Strona:Maria Rodziewiczówna - Joan. VIII 1-12.djvu/200

Ta strona została uwierzytelniona.

— Proszę pana, toć już jej szuka cała policja — opowiadał mu stróż na Hożej. — Ola Boga, jaka to się zrobiła chryja, co mnie naciągali i pana rzącego! To w ten dzień, jak on zrobił ten kreminał, to dziewczyna jak rano poszła, tak tyle ją widzieli. Niezawodnie do Wisły skoczyła gdzie za miastem i po próżnicy szukają. Mieszkanie to stoi opieczętowane — już tam przetrzęśli każdą szmatę, a co tam znajdą ciekawego. Biedne ludzie byli, ale rzetelne, dziewczyna głupstwo zrobiła, to prawda, ale ten bezręki, miał ci ryzykę, jak jaki hrabia. Za serce go wzięło, że ten pan ino 25 rubli rzucił, mógł ci sądem zastraszyć, toby więcej dał, a ten odrazu w łeb! Nie poznasz nigdy człowieka. Jak policja wpadła i tom posłyszał, tom zgłupiał. Trzy lata u nas mieszkał, nigdy nawet złego słowa nie rzekł.

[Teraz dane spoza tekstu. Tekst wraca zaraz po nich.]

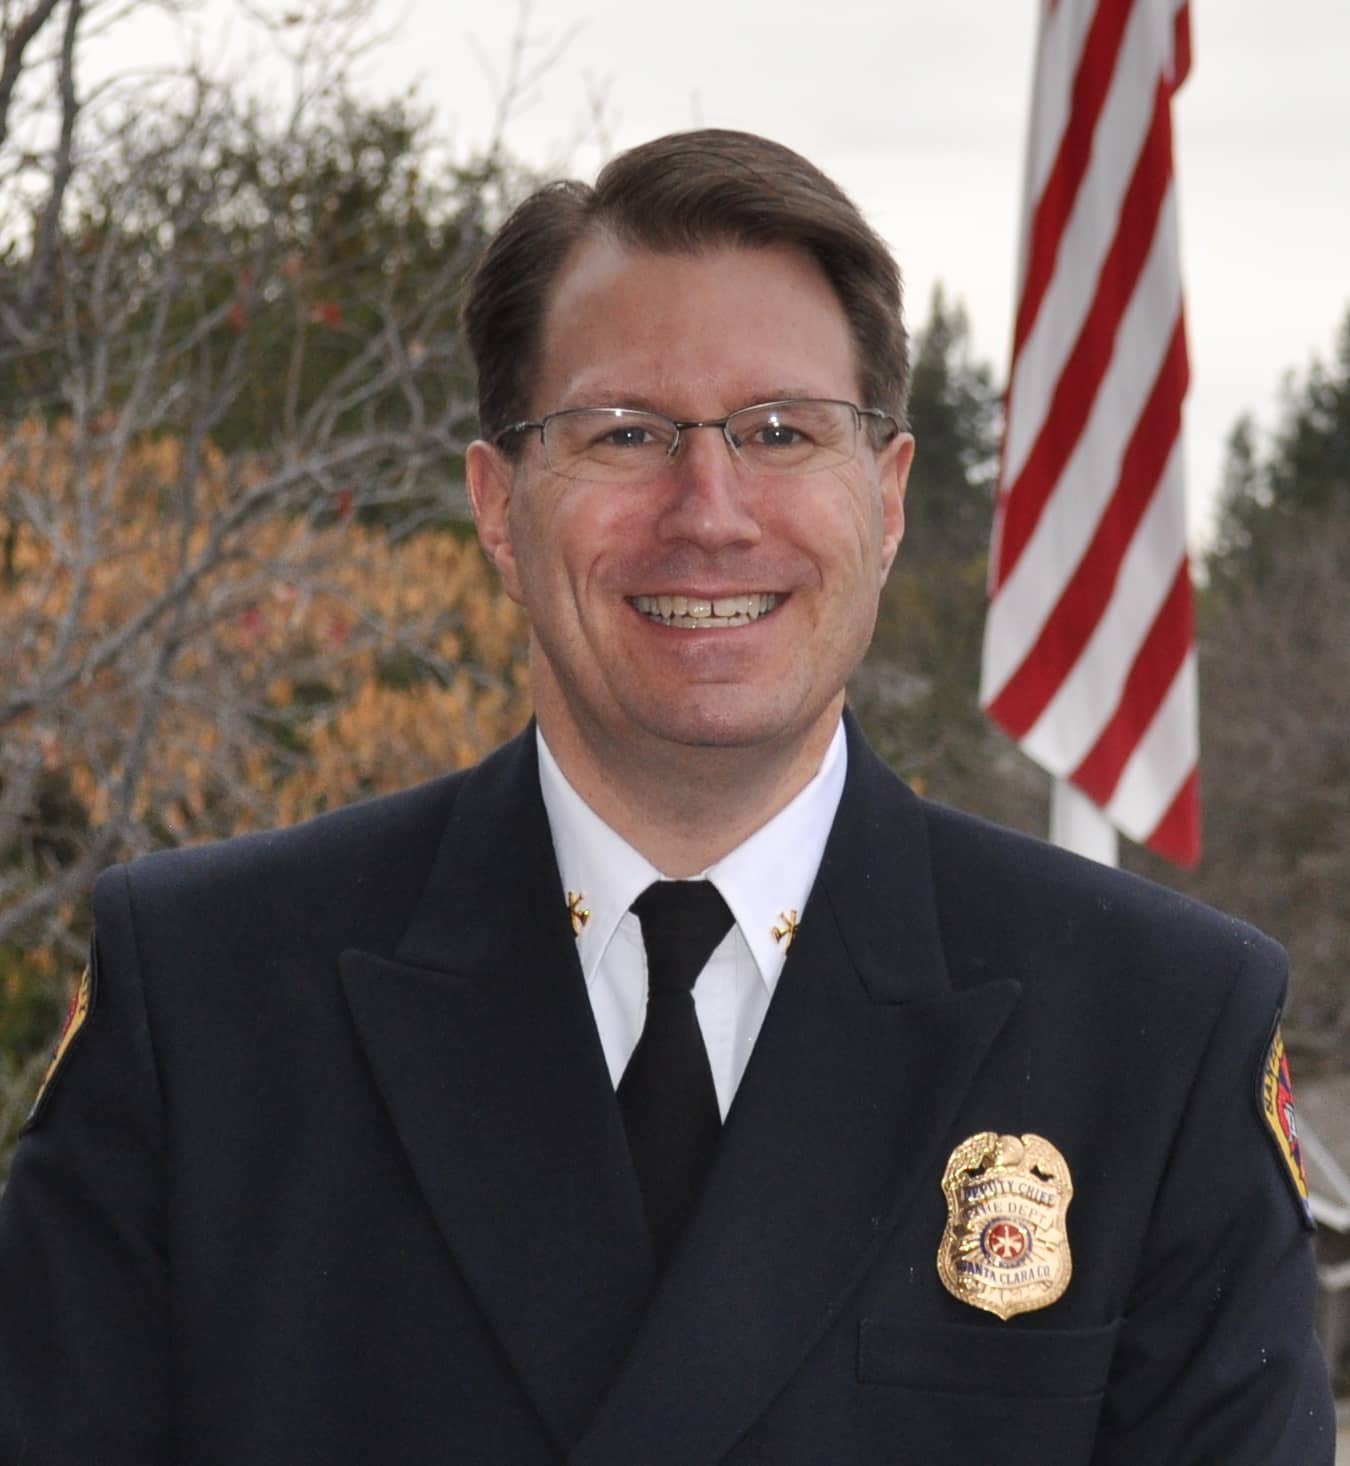 Deputy Chief Steve Prziborowski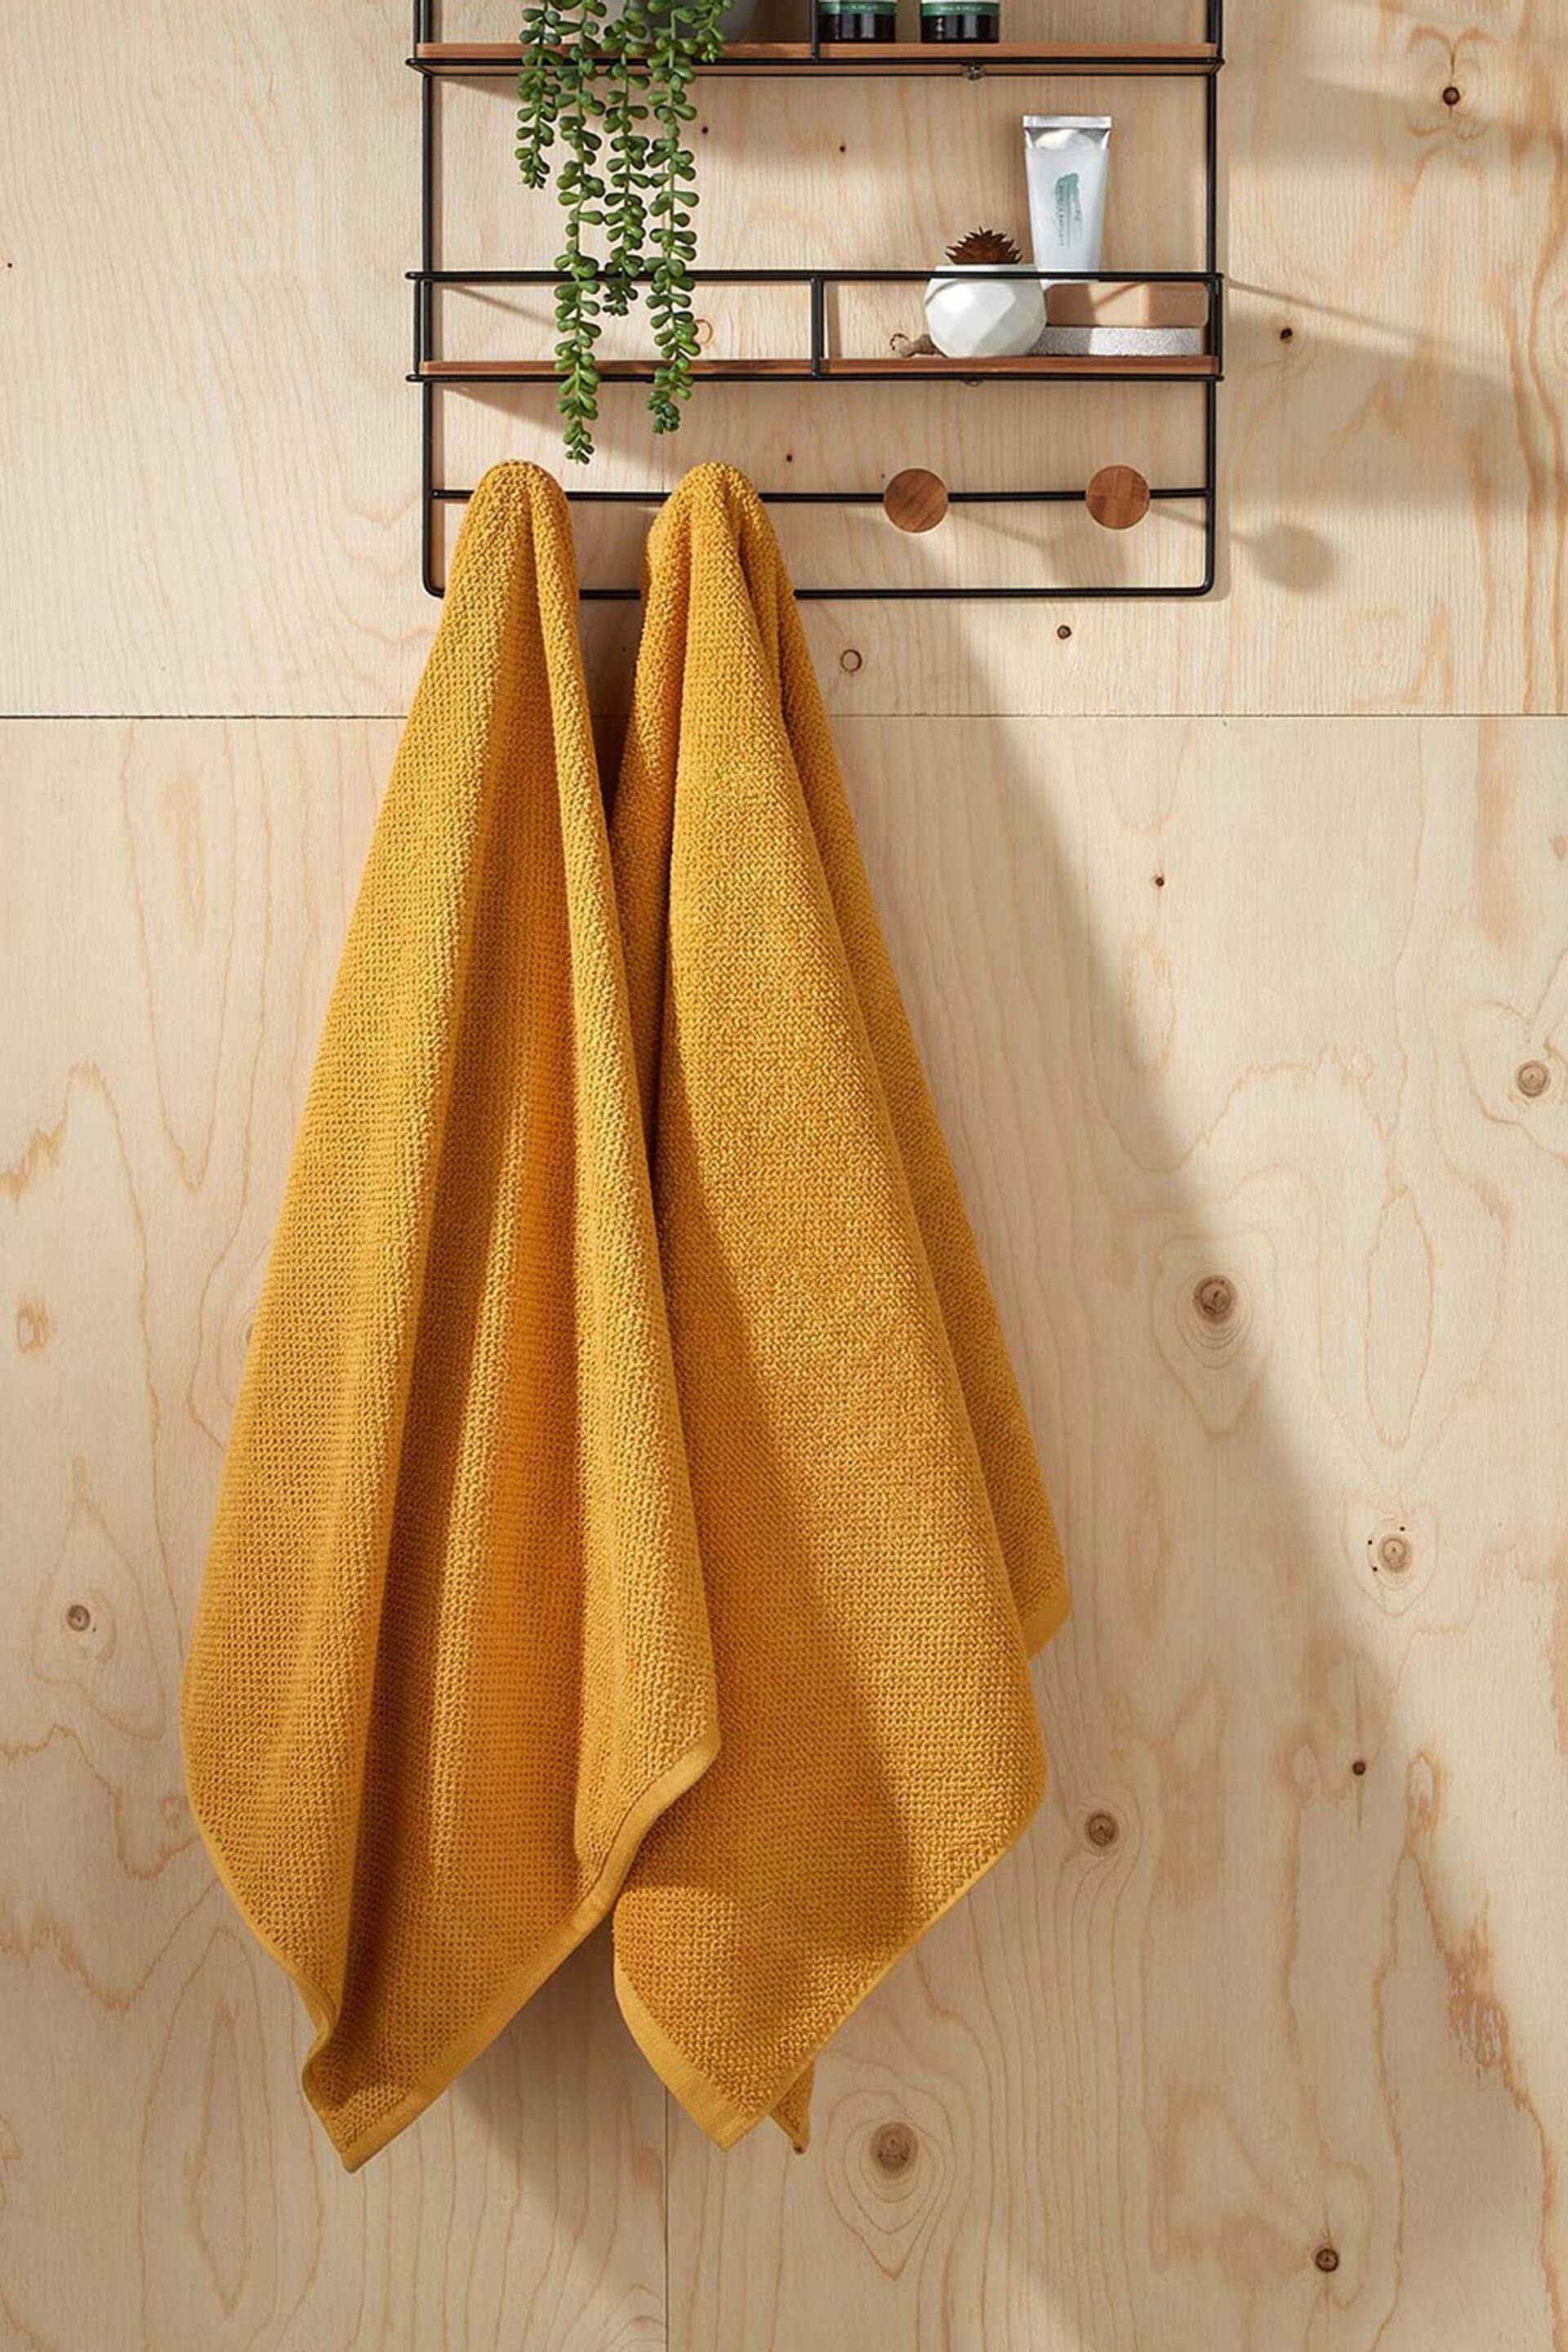 Christy Saffron Brixton - 600 GSM Cotton Textured Bath Towel - Image 1 of 4

— Może wiecie, kto u nich bywał, z kim żyli?
— Tak naprawdę, to z nikim. Stary odstraszył kawalerów, a jedną dziewczynę, co do córki przychodziła, to raz wygnał z taką złością, że się odgrażała sądem. Ale tylko gadała, bo taka była, to ktoby jej się bał.
— A o tej nie wiecie, gdzie mieszka?
— Kto wiedział? Ot, po ulicy się włóczy. Zresztą to dawno było i potem się nie pokazała.
Stuch stracił nadzieję osiągnięcia tu jakiej informacji i wrócił z niczem do domu.
W kilka dni potem odwiedził znowu Gedrasa. Fizycznie był zdrowszy, ale miał ten sam tępy wyraz twarzy i martwe oczy.